Action item: Nothing but the lines below from the one that contains "Proyector ViewSonic PA503S SVGA 3800 lm" through the one that contains "[Australia] - NEENCA" should be retyped, exactly and including both ends. Do not include pictures.

Listed records:
··········

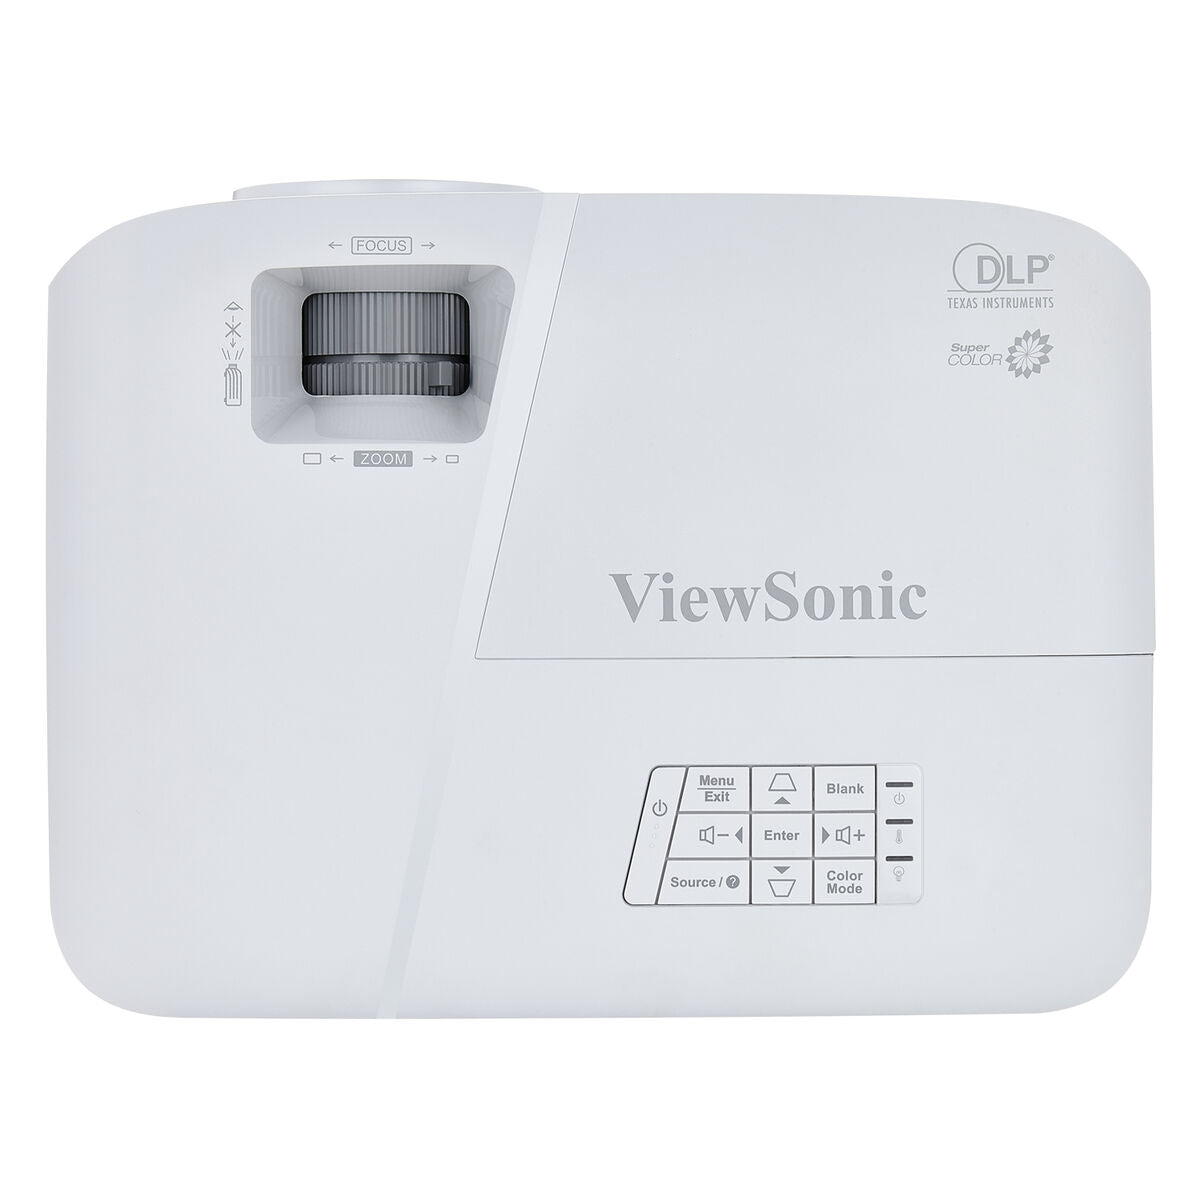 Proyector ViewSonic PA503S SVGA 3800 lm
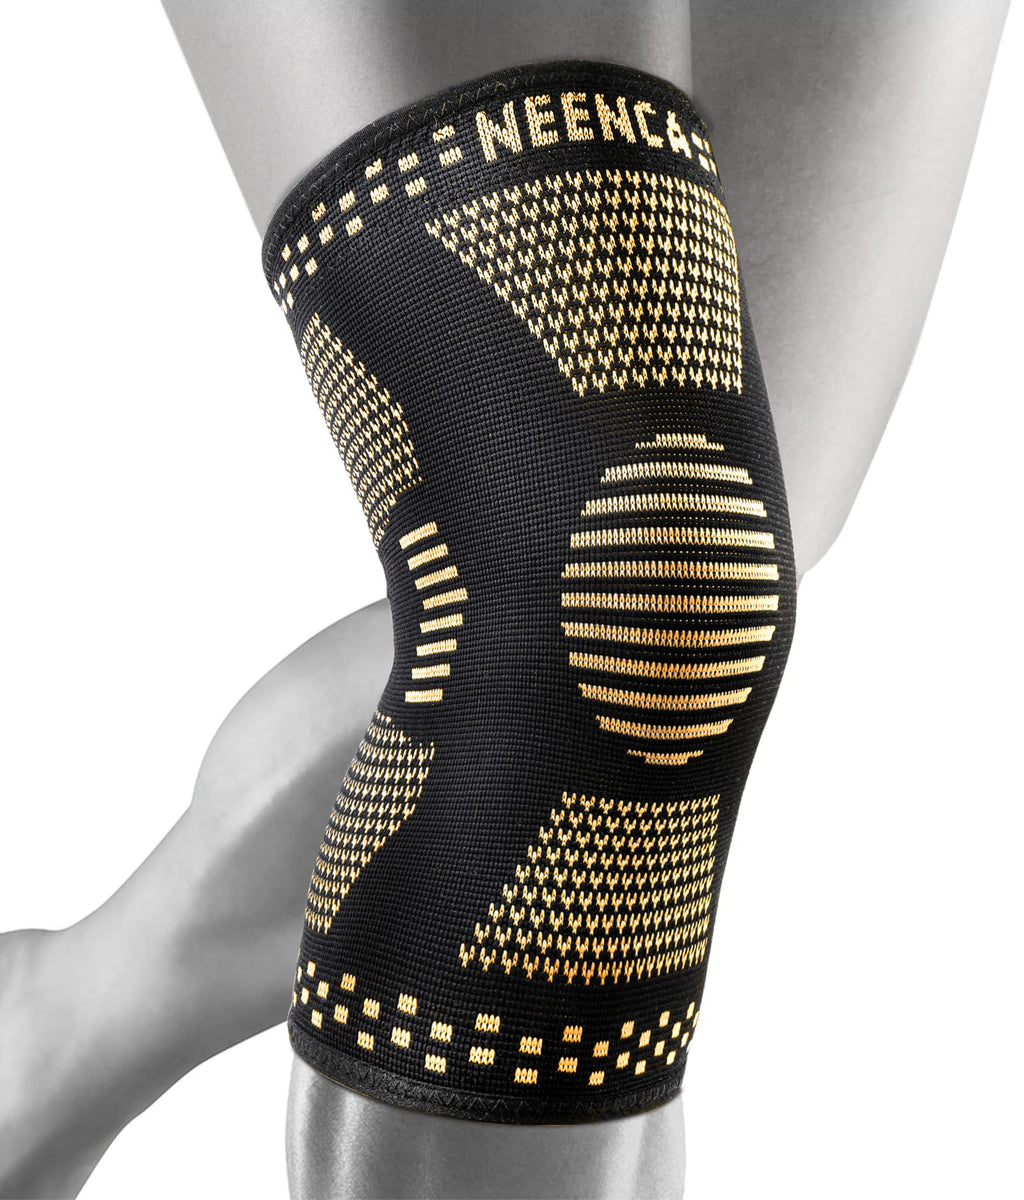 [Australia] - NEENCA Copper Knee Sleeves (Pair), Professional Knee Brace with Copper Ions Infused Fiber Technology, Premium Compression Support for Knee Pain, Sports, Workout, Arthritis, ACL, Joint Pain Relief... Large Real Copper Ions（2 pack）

··········

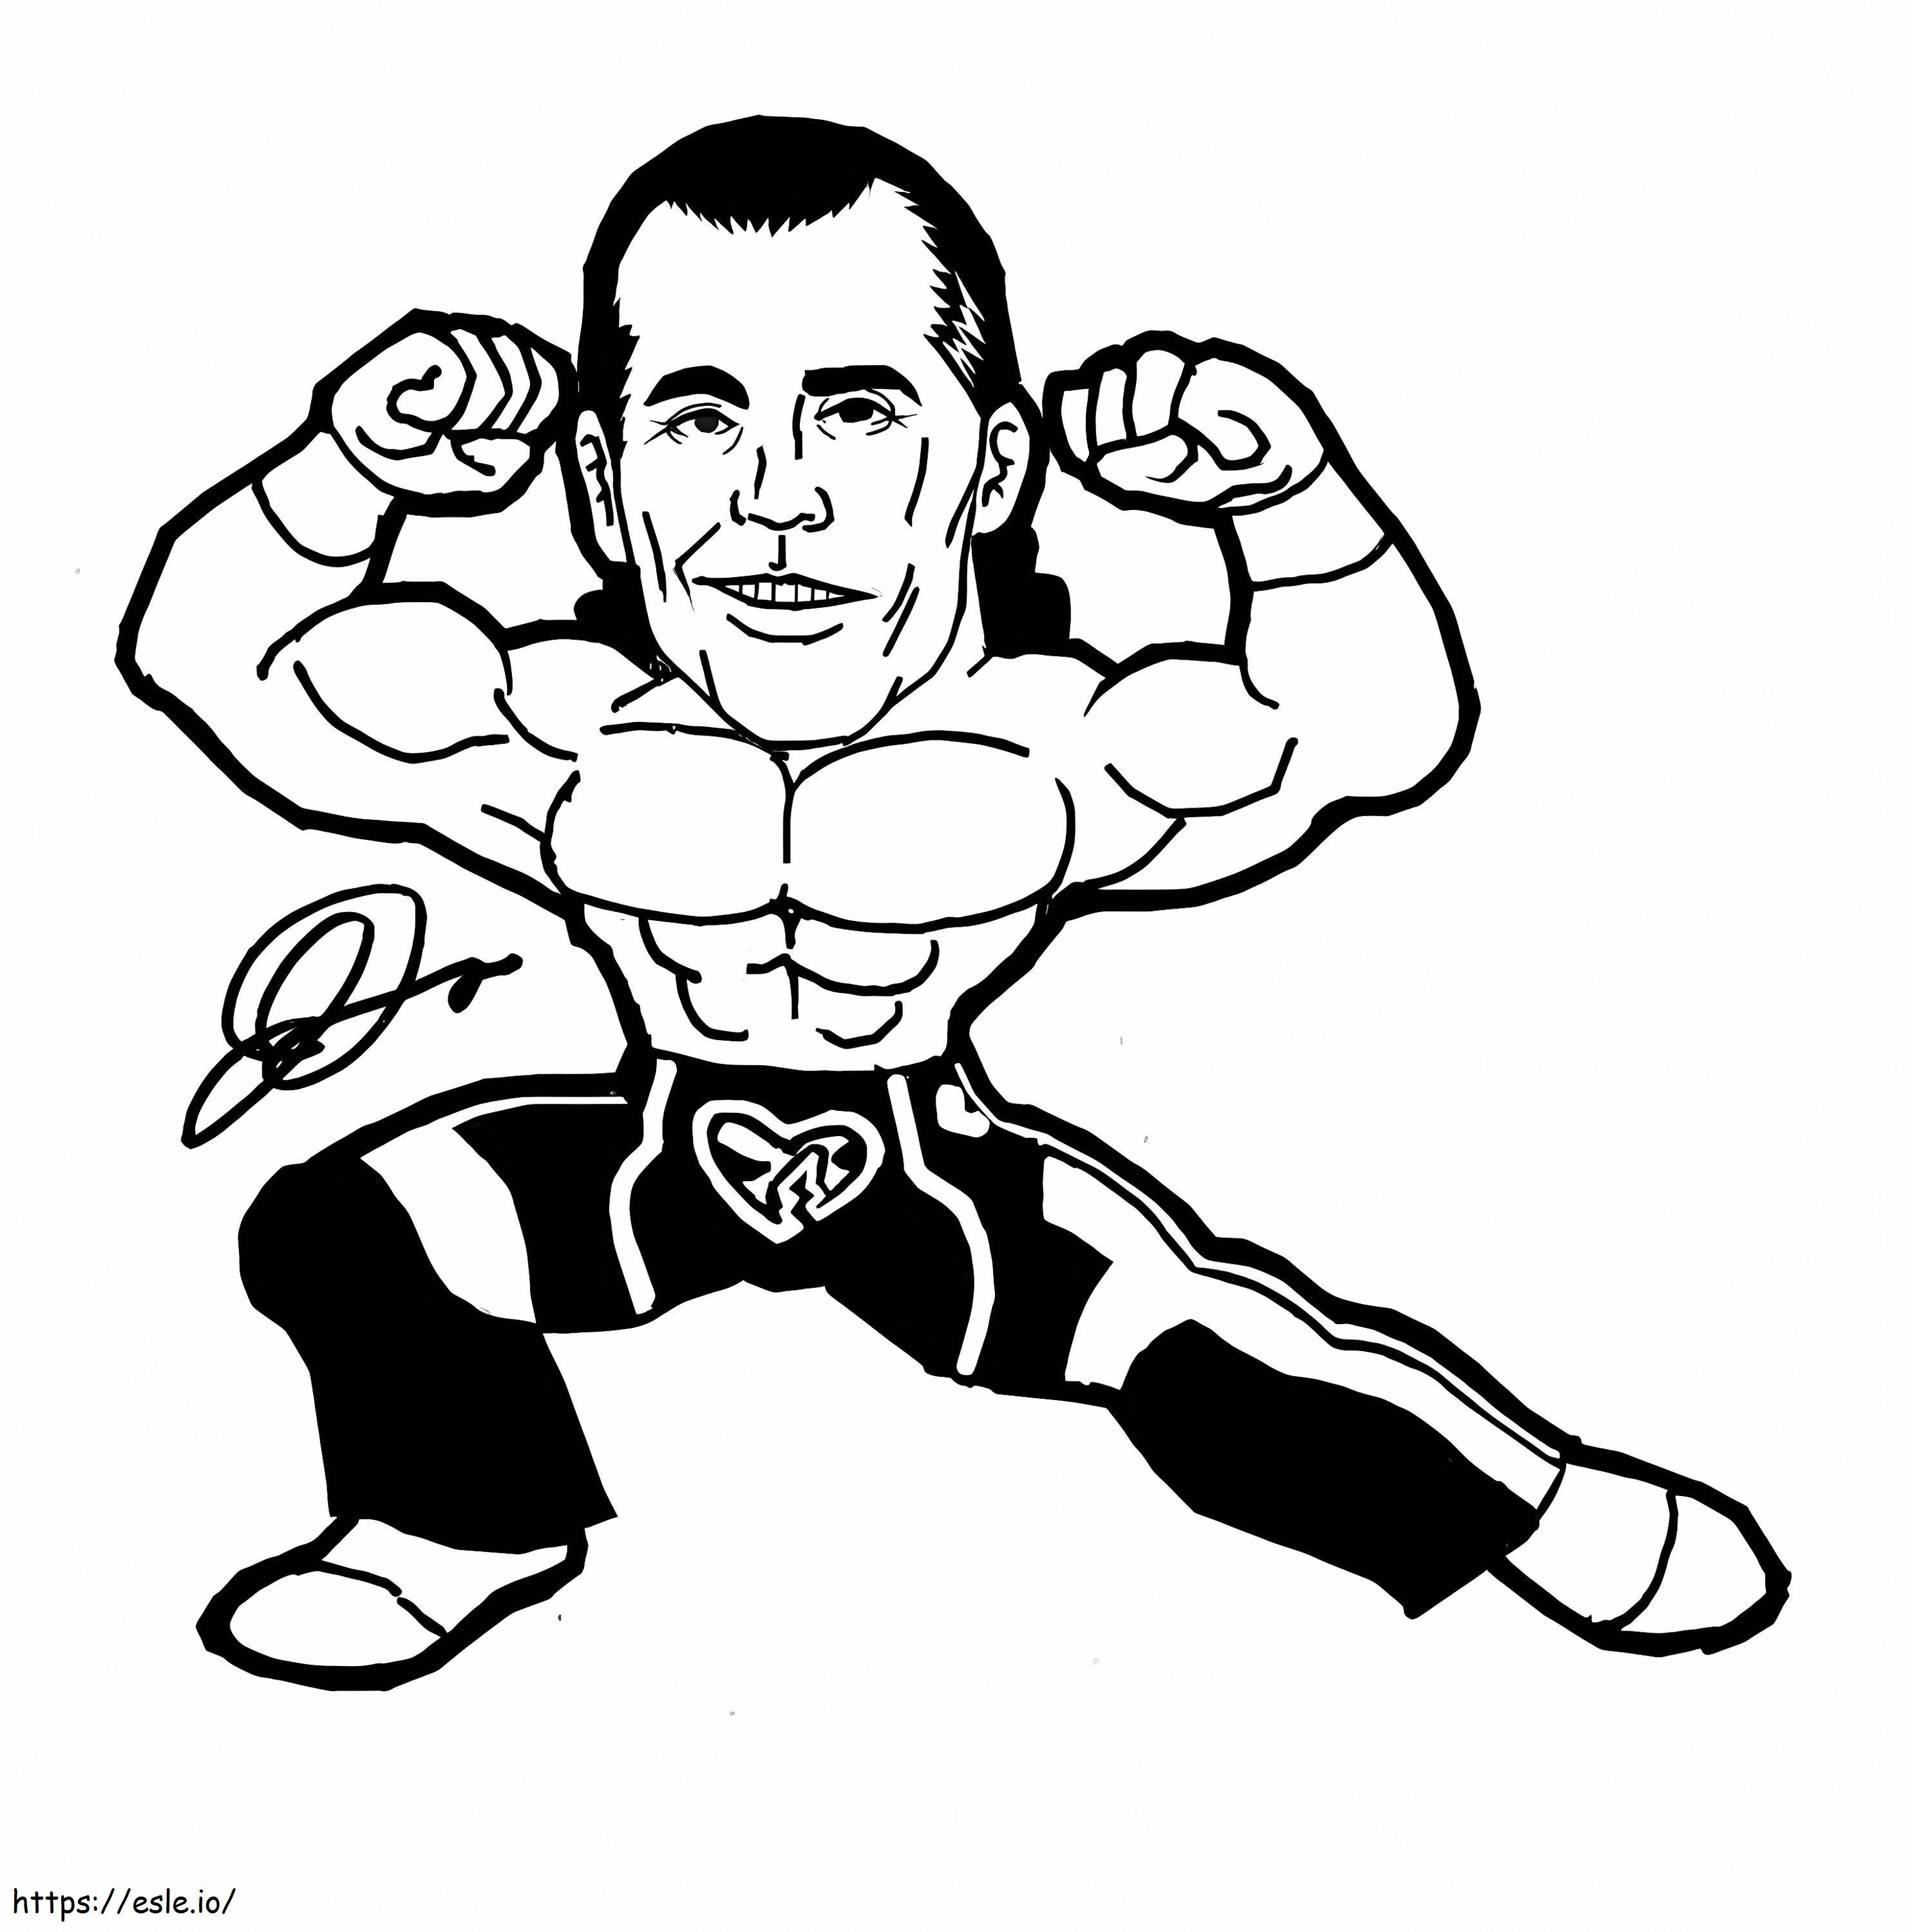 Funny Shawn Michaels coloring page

··········

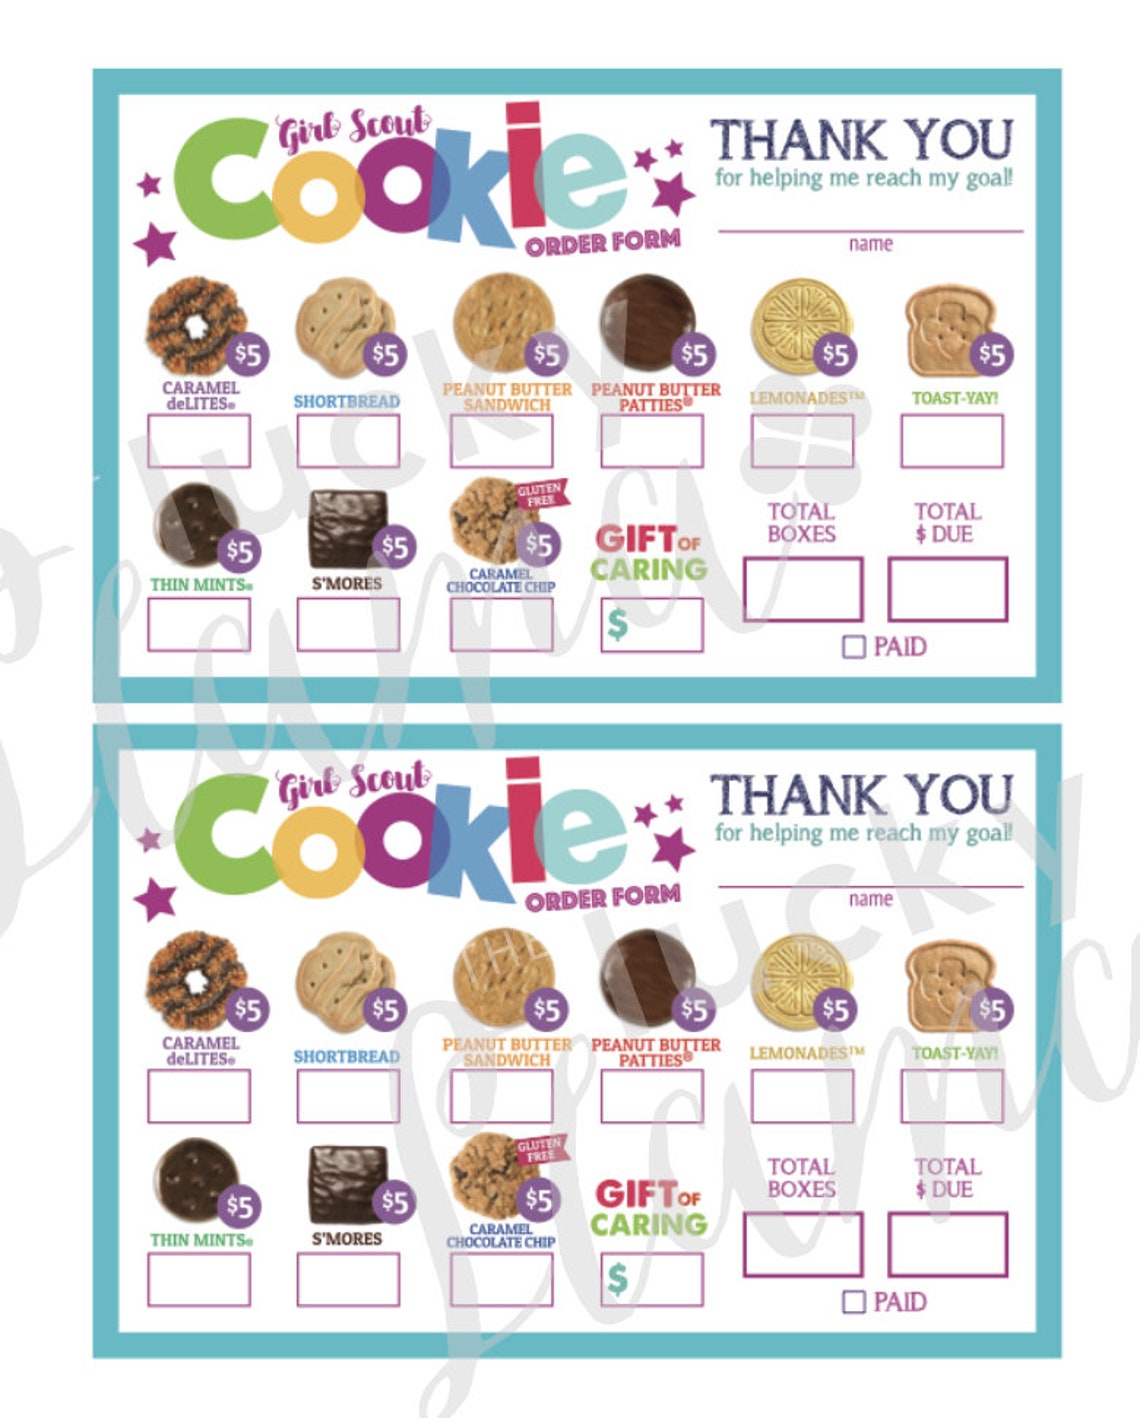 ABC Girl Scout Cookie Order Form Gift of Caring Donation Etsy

··········

Expected answer:
 Proyector ViewSonic PA503S SVGA 3800 lm
 [Australia] - NEENCA Copper Knee Sleeves (Pair), Professional Knee Brace with Copper Ions Infused Fiber Technology, Premium Compression Support for Knee Pain, Sports, Workout, Arthritis, ACL, Joint Pain Relief... Large Real Copper Ions（2 pack）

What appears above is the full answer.